From the definition of f and (26), we obtain

$$\begin{aligned}&\mid Df(x_{1},x_{2},\dots ,x_{n})\mid \nonumber \\&\quad \le \sum _{n=0}^{\infty }\frac{1}{8^{n}} \mid \sum _{1 \le i<j<k<l \le n} \chi \left( 2^{n}(x_{i}+x_{j}+x_{k}+x_{l})\right) \nonumber \\&\qquad -(n-3) \sum _{1 \le i<j<k \le n}\chi \left( 2^{n}(x_{i}+x_{j}+x_{k})\right) +\left( \frac{(n-2)(n-3)}{2}\right) \sum _{1\le i<j\le n}^{n}\chi \left( 2^{n}(x_{i}+x_{j})\right) \nonumber \\&\qquad -\left( \frac{n^{3}-6n^{2}+11n-54}{6}\right) \sum _{i=1}^{n}\chi (2^{n}(x_{i}))-\sum _{j=1}^{n}\chi (2^{n}(2x_{j}))\mid \\&\quad \le \sum _{n=k}^{\infty }\frac{1}{8^{n}} \mid \sum _{1 \le i<j<k<l \le n} \chi \left( 2^{n}(x_{i}+x_{j}+x_{k}+x_{l})\right) \nonumber \\&\qquad -(n-3) \sum _{1 \le i<j<k \le n}\chi \left( 2^{n}(x_{i}+x_{j}+x_{k})\right) +\left( \frac{(n-2)(n-3)}{2}\right) \sum _{1\le i<j\le n}^{n}\chi \left( 2^{n}(x_{i}+x_{j})\right) \nonumber \\&\qquad -\left( \frac{n^{3}-6n^{2}+11n-54}{6}\right) \sum _{i=1}^{n}\chi (2^{n}(x_{i}))-\sum _{j=1}^{n}\chi (2^{n}(2x_{j}))\mid \\&\quad \le \left( \frac{(n^{3}-3n^{2}+2n)}{2}+\frac{(n^{3}-6n^{2}+11n-6)}{6}\left[ \frac{n(n+1)}{2}\right] ^{2}\right) \left( \sum _{i=0}^{n}\mid x_{i}\mid ^{3}\right) r. \end{aligned}$$

Thus, f satisfies (43) for all \(x_{1},x_{2},\ldots ,x_{n} \in {\mathbb {R}}\) with \(0<\sum _{i=0}^{n}\mid x_{i}\mid ^{3}<\frac{1}{8}\).

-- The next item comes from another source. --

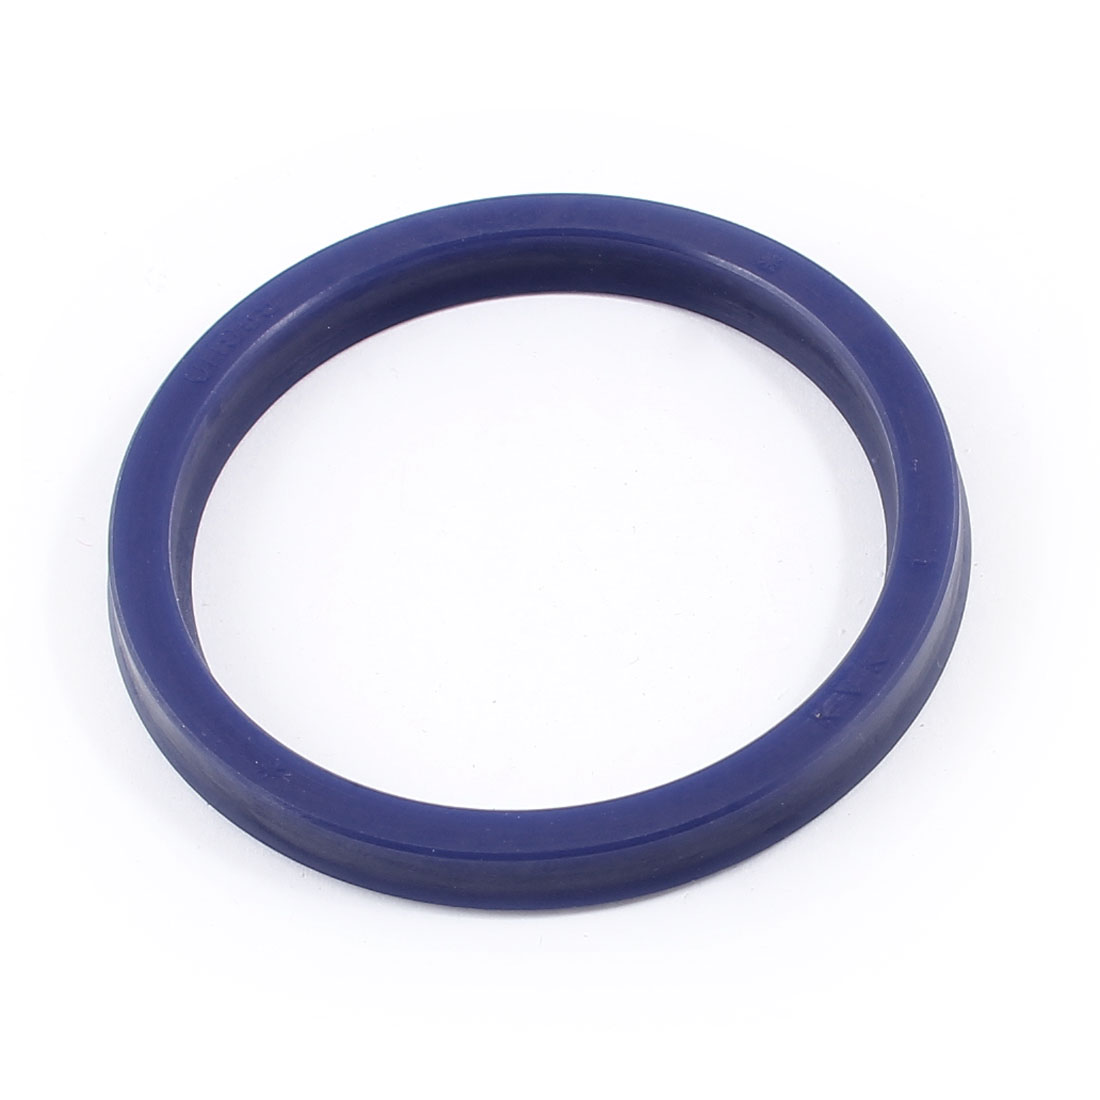 Blue 65mm x 53mm x 6mm Grooving Rubber O Ring Skeleton Oil Seal Gasket

We claim that there is not any cubic mapping \(C: {\mathbb {R}}\longrightarrow {\mathbb {R}}\) and a constant \(\beta >0\) such that

$$\mid f(x)-C(x)\mid \le \beta \mid x \mid ^{3}, $$
(45)

for all \(x \in {\mathbb {R}}\). Suppose the contrary to our claim. Hence, there exists a constant \(\alpha \in {\mathbb {R}}\) such that \(C(x)=\alpha x^3\) for all \(x\in {\mathbb {R}}\). So

$$|f(x)|\le (|\alpha |+\beta )|x|^3,$$
(46)

for all \(x\in {\mathbb {R}}\). On the other hand, consider \(m\in {\mathbb {N}}\) such that \((m+1)r>|\alpha |+\beta \). If x is a real number in \(\left( 0, \frac{1}{2^{k-1}}\right) \), then \(2^nx\in (0,1)\) for all \(n=0,1,\ldots ,k-1\). Therefore, for such x, we get

$$f(x)=\sum _{n=0}^{\infty }\frac{\chi (2^nx)}{2^{3n}}\ge \sum _{n=0}^{m}\frac{2^{3n}rx^3}{2^{3n}}=(m+1)rx^3>(|\alpha |+\beta )x^3.$$

The above relation contradicts (46).